Paged utilisation sits flat at ~98.5% no matter batch measurement, as a result of the waste per request is bounded by a single partial web page and doesn’t scale with max_seq_len in any respect. The hole between the 2 numbers — roughly 74 proportion factors — is instantly what allows vLLM to suit 2–4× extra concurrent requests into the identical GPU reminiscence.


print("n" + "=" * 60)
print("SECTION 4 -- Utilisation: Naive vs Paged")
print("=" * 60)
def naive_utilisation(n, max_seq=2048, avg=500, std=200):
precise = np.clip(np.random.regular(avg, std, n).astype(int), 200, max_seq)
return precise.sum() / (max_seq * n) * 100, precise
def paged_utilisation(actual_tokens, page_size=PAGE_SIZE):
pages = np.ceil(actual_tokens / page_size).astype(int)
return actual_tokens.sum() / (pages * page_size).sum() * 100
batch_sizes = [10, 25, 50, 100, 200]
naive_u, paged_u = [], []
print(f"n {'Batch':>6} {'Naive':>8} {'Paged':>8}")
for bs in batch_sizes:
nu, precise = naive_utilisation(bs)
pu = paged_utilisation(precise)
naive_u.append(nu)
paged_u.append(pu)
print(f" {bs:>6} {nu:>7.1f}% {pu:>7.1f}%")
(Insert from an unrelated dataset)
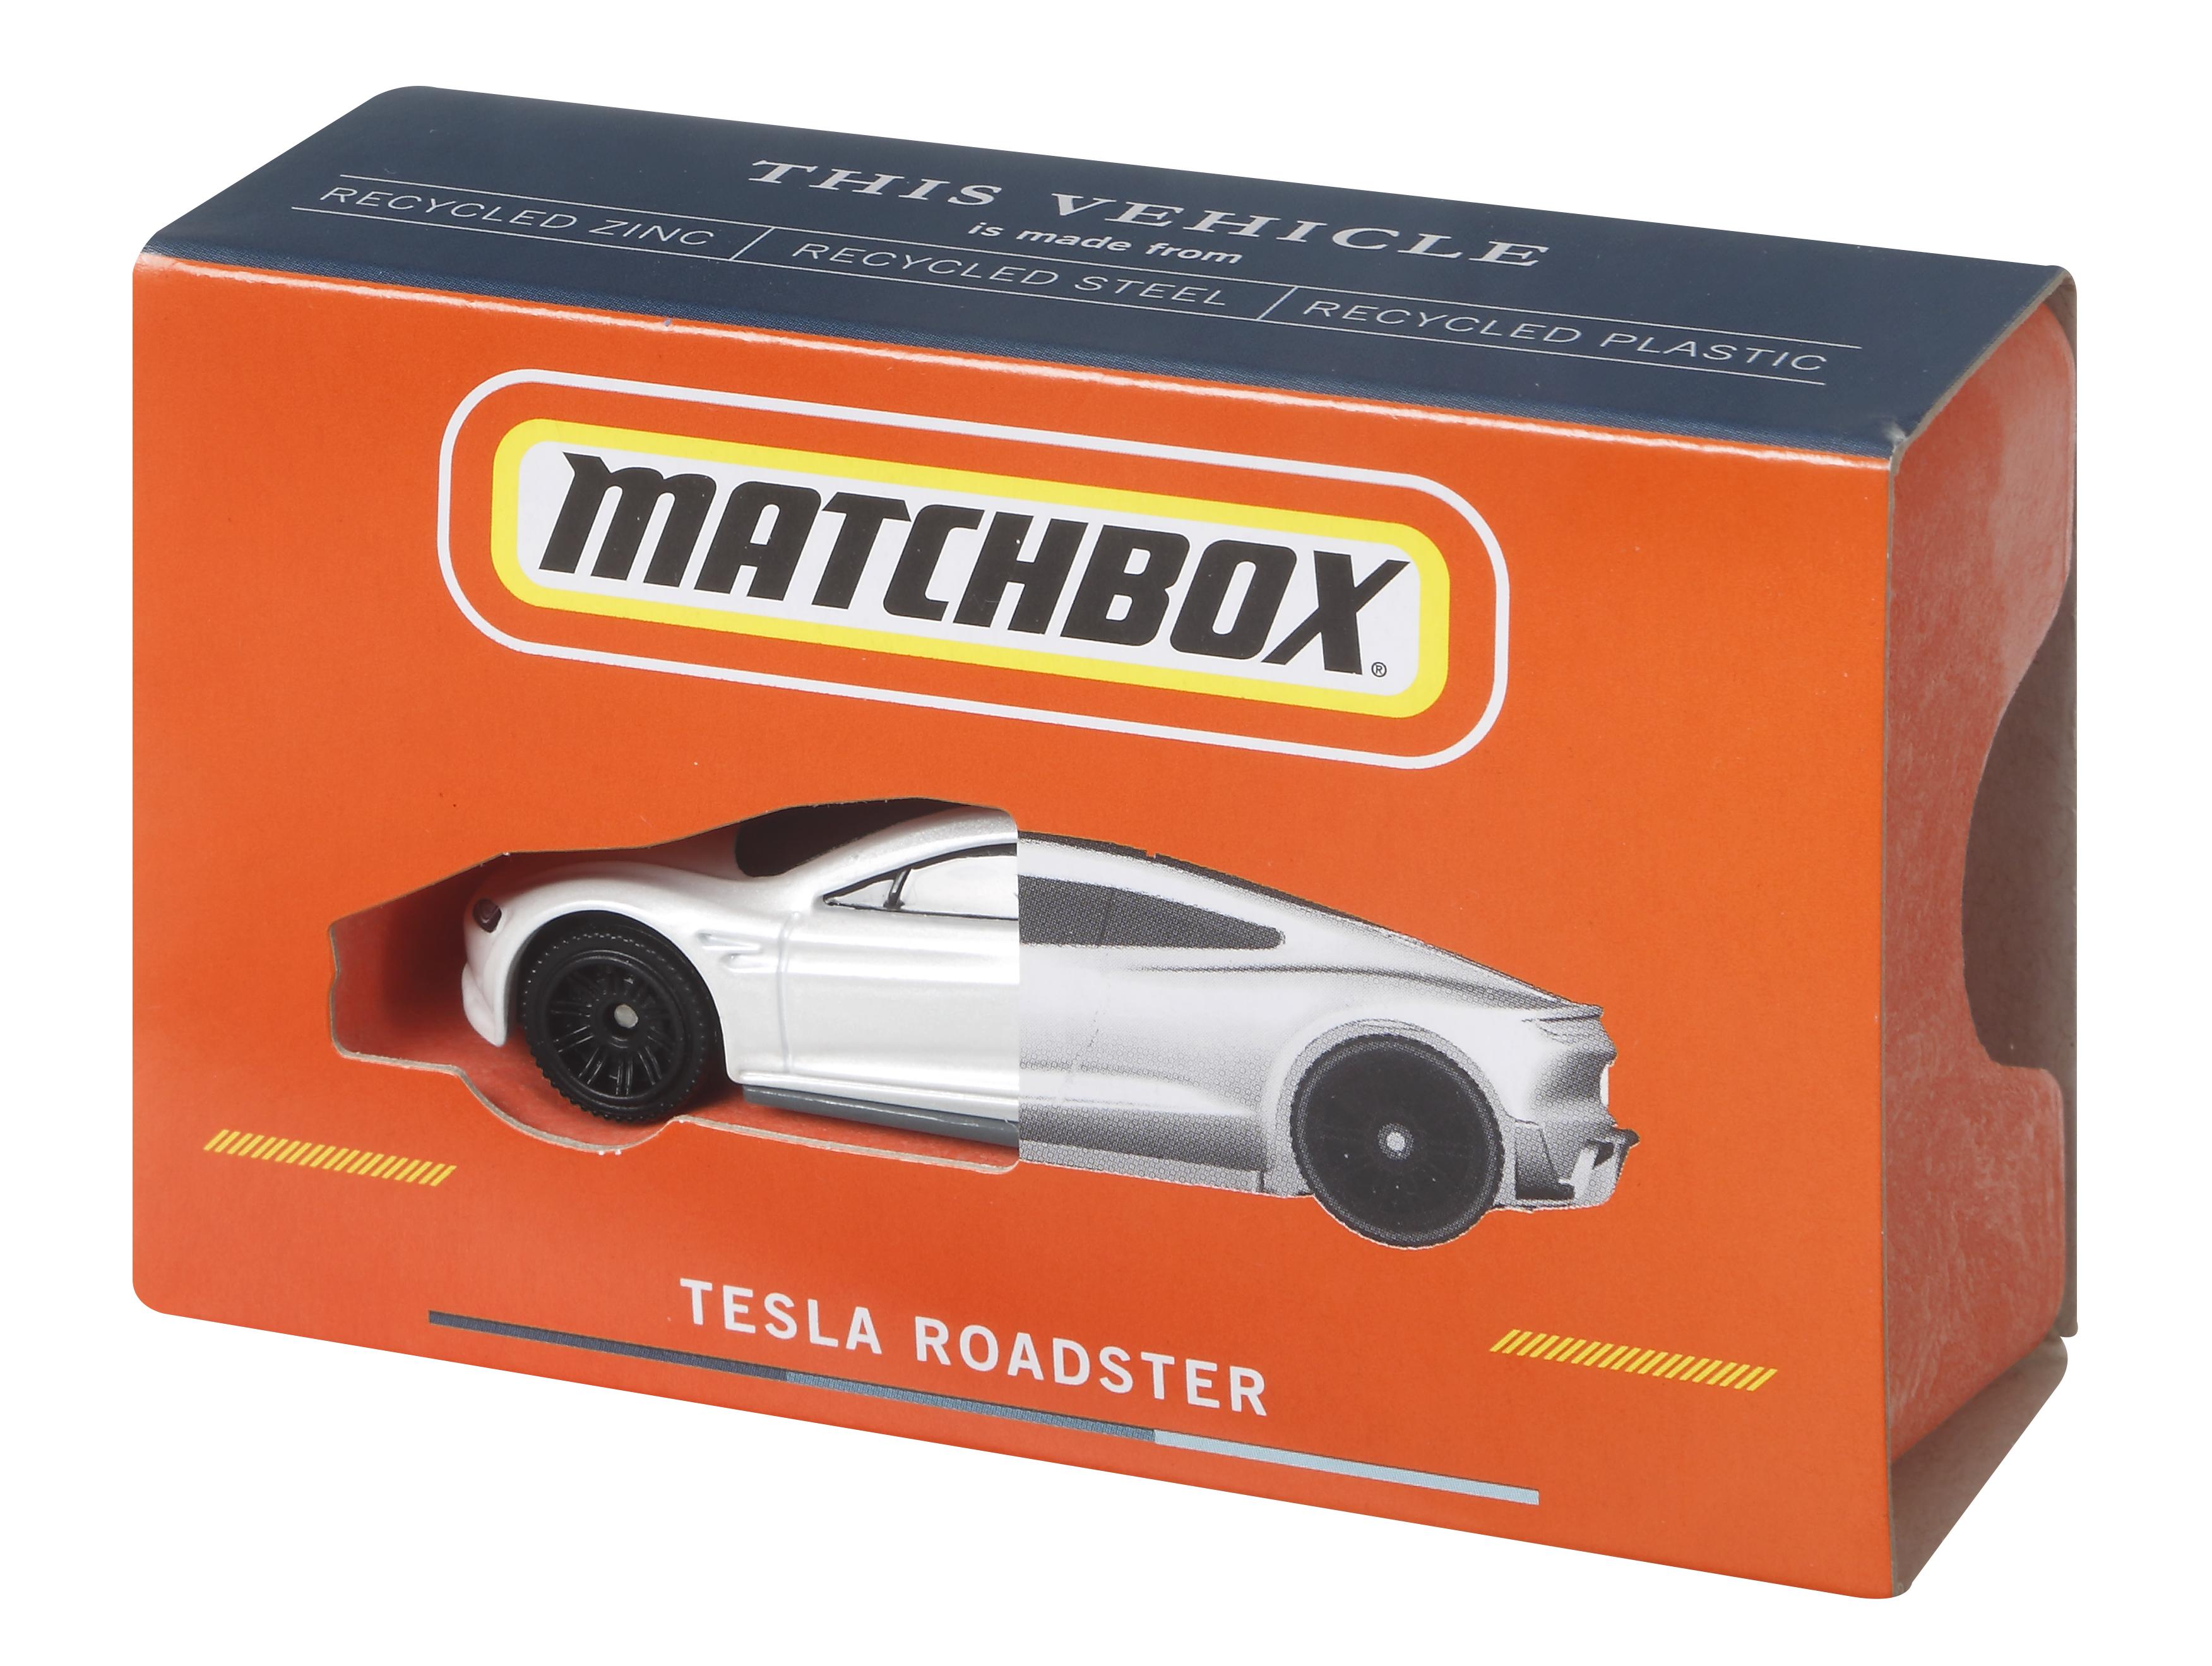 Der originalgetreue Matchbox Tesla im Maßstab 1:64 kommt in einer plastikfreien Verpackung aus FSC-zertifiziertem Papier sowie entsprechenden Holzfasern. Fotocredit: © Mattel

Try the Full Pocket book right here. Additionally, be at liberty to observe us on Twitter and don’t neglect to affix our 120k+ ML SubReddit and Subscribe to our E-newsletter. Wait! are you on telegram? now you’ll be able to be part of us on telegram as properly.

I’m a Civil Engineering Graduate (2022) from Jamia Millia Islamia, New Delhi, and I’ve a eager curiosity in Knowledge Science, particularly Neural Networks and their software in numerous areas.